Abstract 9122: Heparin Mobilizes Multipotent Human Mesoangioblasts

Abstract

The identification of clinically applicable drugs which mobilize endogenous mesenchymal progenitor cells may offer novel therapeutic application in cardiovascular diseases. We recently showed that hepatocyte growth factor (HGF) induces the mobilization of multipotent circulating mesenchymal cells that co-express endothelial markers (so-called circulating mesoangioblasts, cMABs). Since HGF only has a short half life, we investigated whether heparin might be useful to endogenously increase HGF levels thereby inducing the mobilization of cMABs.

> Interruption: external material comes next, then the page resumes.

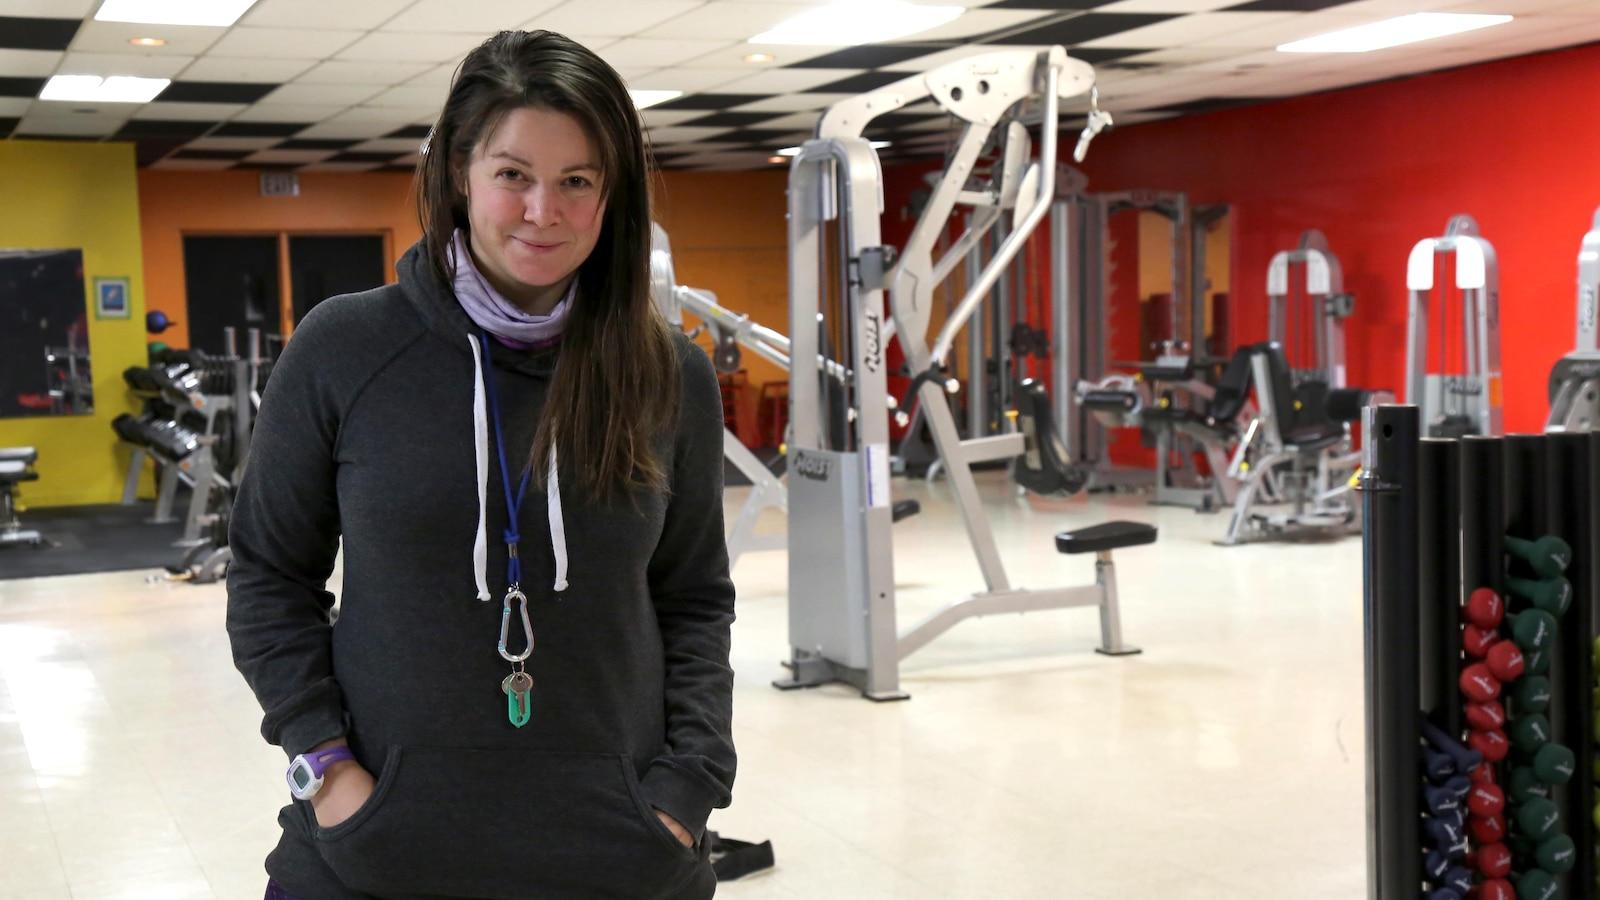 L'enseignante Maggie MacDonnell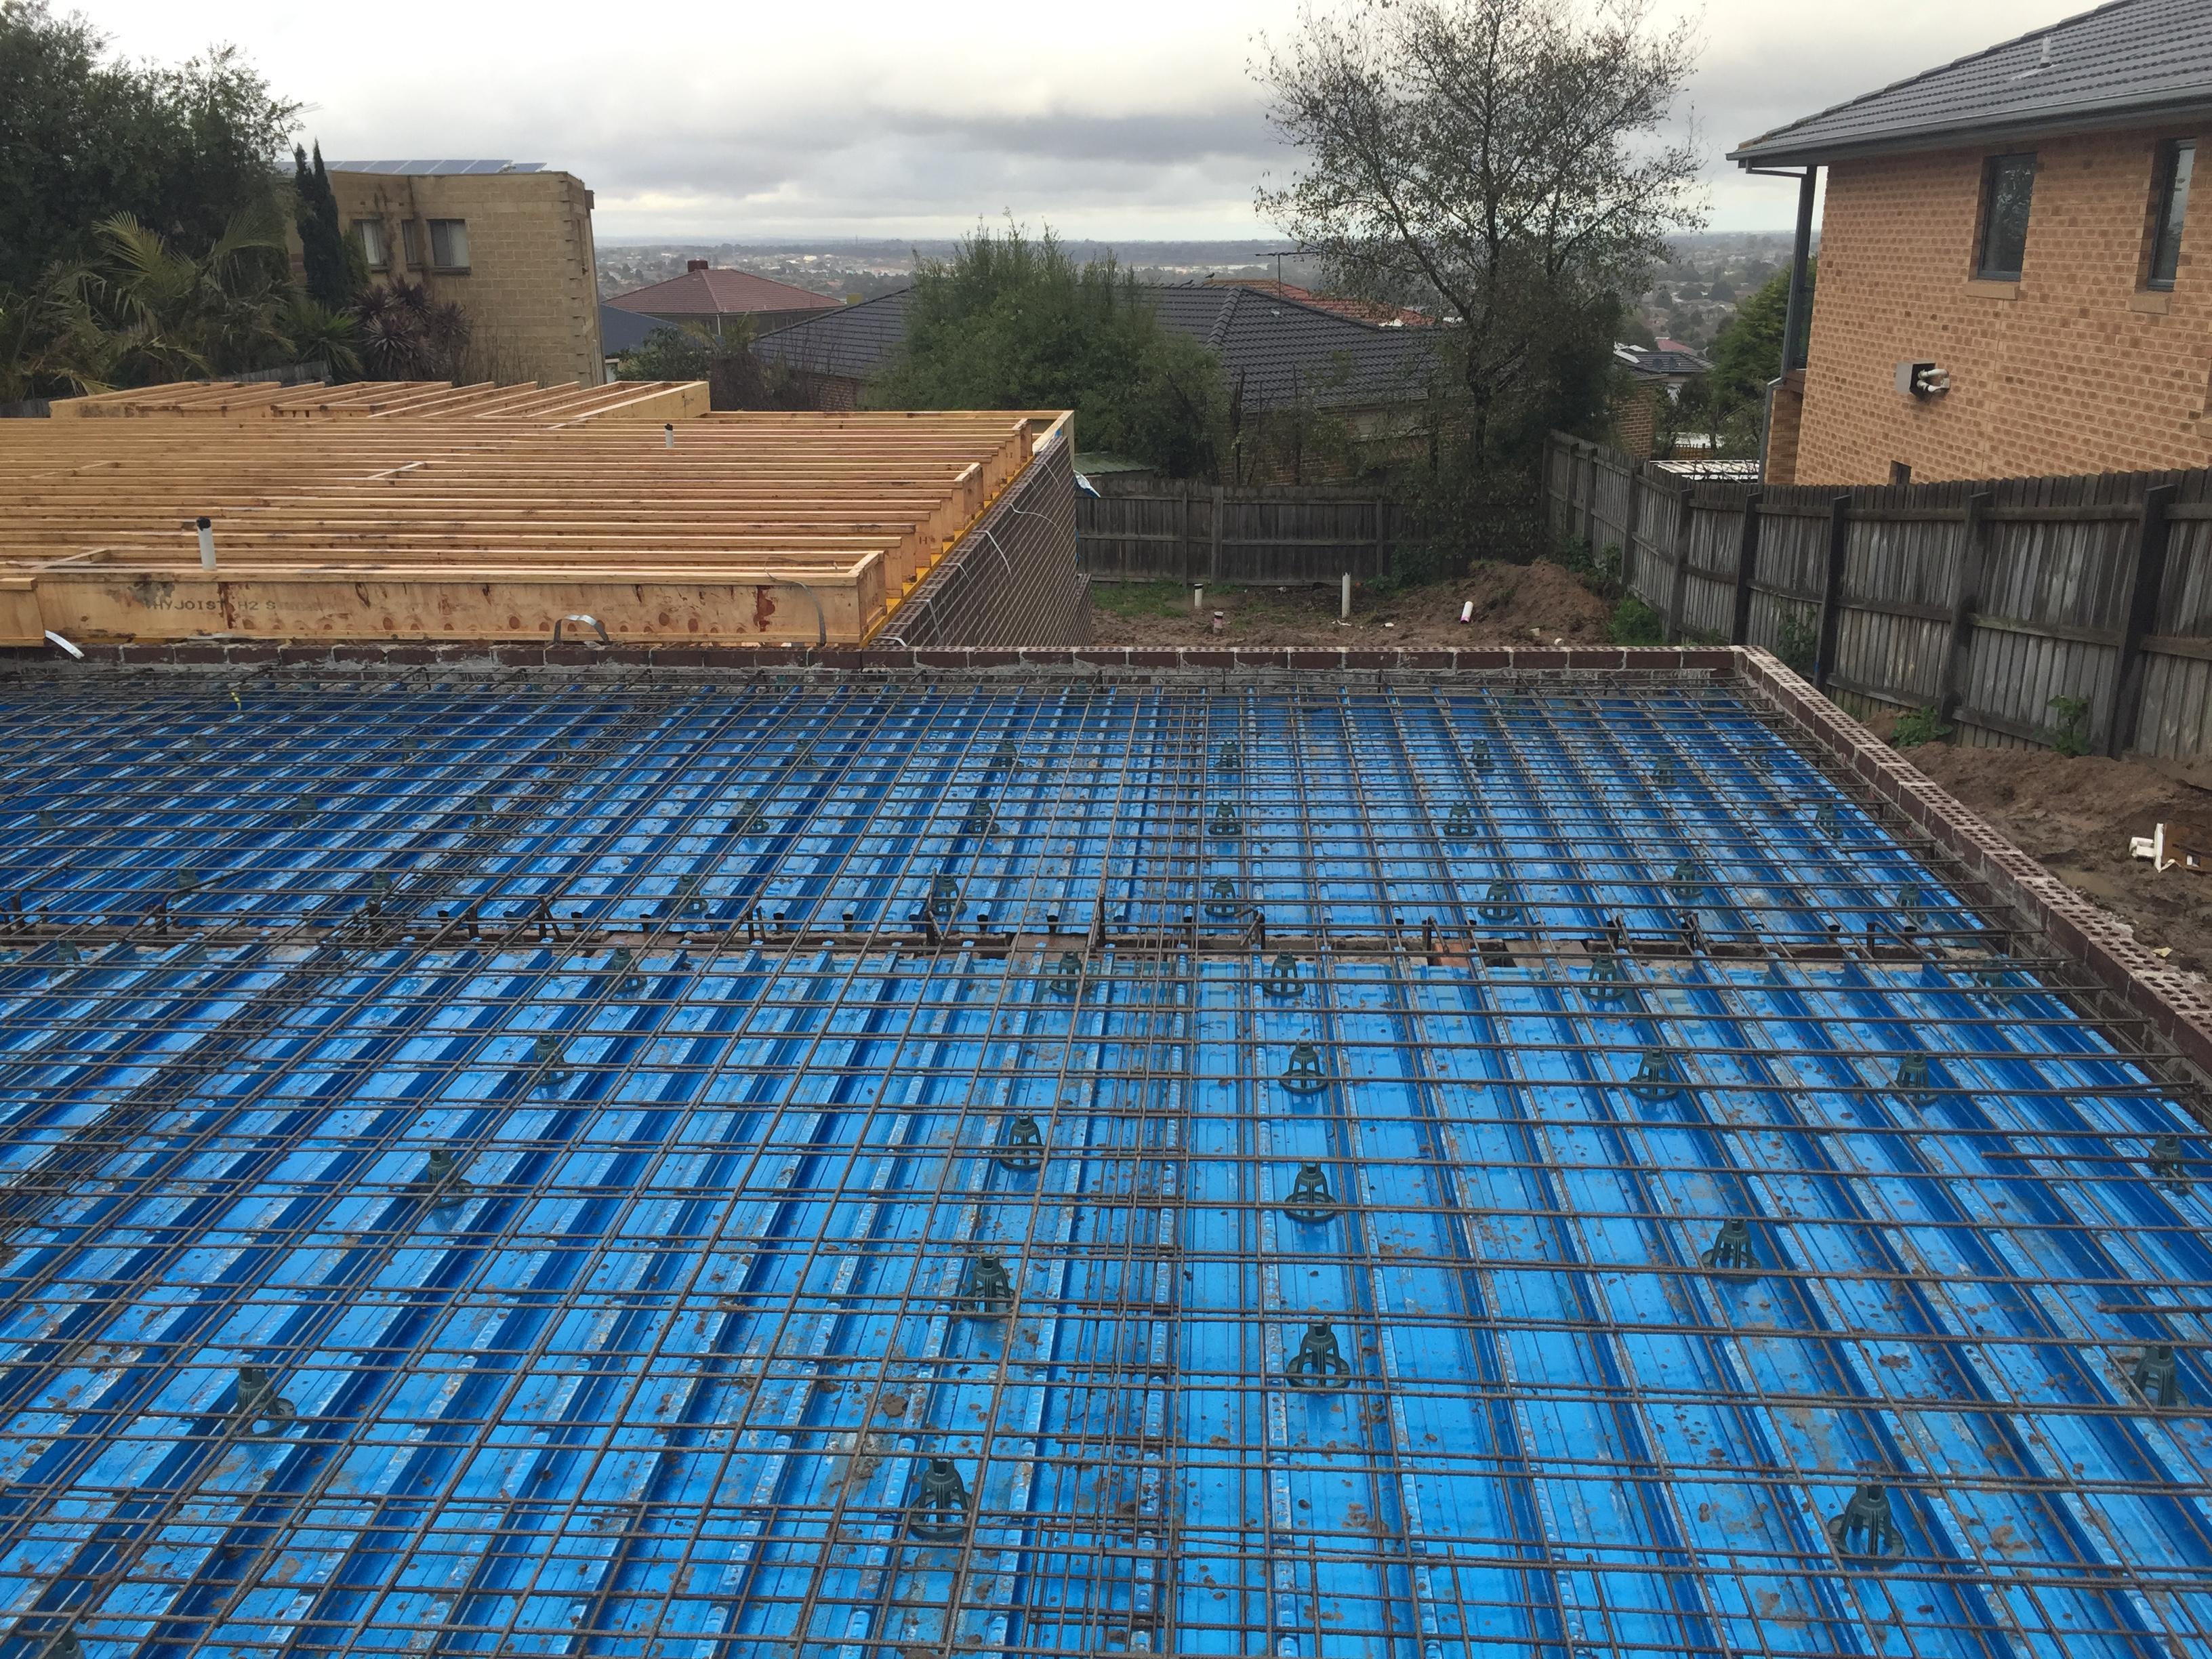 Reinforced Concrete Slab : Prior to steel reinforced concrete or sub floor stumps

Heparin was infused in patients with coronary artery disease at a concentration of 200 U/kg (n=11 patients) and 300 U/kg (n=11 patients) and serum HGF levels were determined by ELISA. Consistent with published studies, heparin dose-dependently increased HGF levels to 34.4+1.9 in patients receiving 200U/kg heparin and 42.8+0.9 ng/ml in the patients treated with 300 U/kg. Moreover, heparin dose-dependently increased the number of circulating mesenchymal cell colonies. Patients receiving 200U/kg showed 0.30+0.12 colonies / mononuclear cells (x10 6 ). Further increasing the heparin dosage to 300U/kg increased the number of colonies to 0.63+0.17 colonies / mononuclear cells (x10 6 ). In contrast, we were never able to obtain colonies in patients receiving heparin concentrations below 100 U/kg. The mesenchymal origin of the colonies was characterised by the lack of hematopoietic progenitor cell markers CD45 and CD34. Consistent with the original characterisation of the mesoangioblasts, the colonies expressed the mesenchymal marker CD73, the HGF-receptor c-Met as well as the endothelial marker KDR. In conclusion, we demonstrate that heparin can dose-dependently mobilize mesenchymal progenitor cells in humans. These findings might open up an avenue to non-invasively obtain multipotent mesenchymal cells for therapeutic application in patients with cardiovascular disease.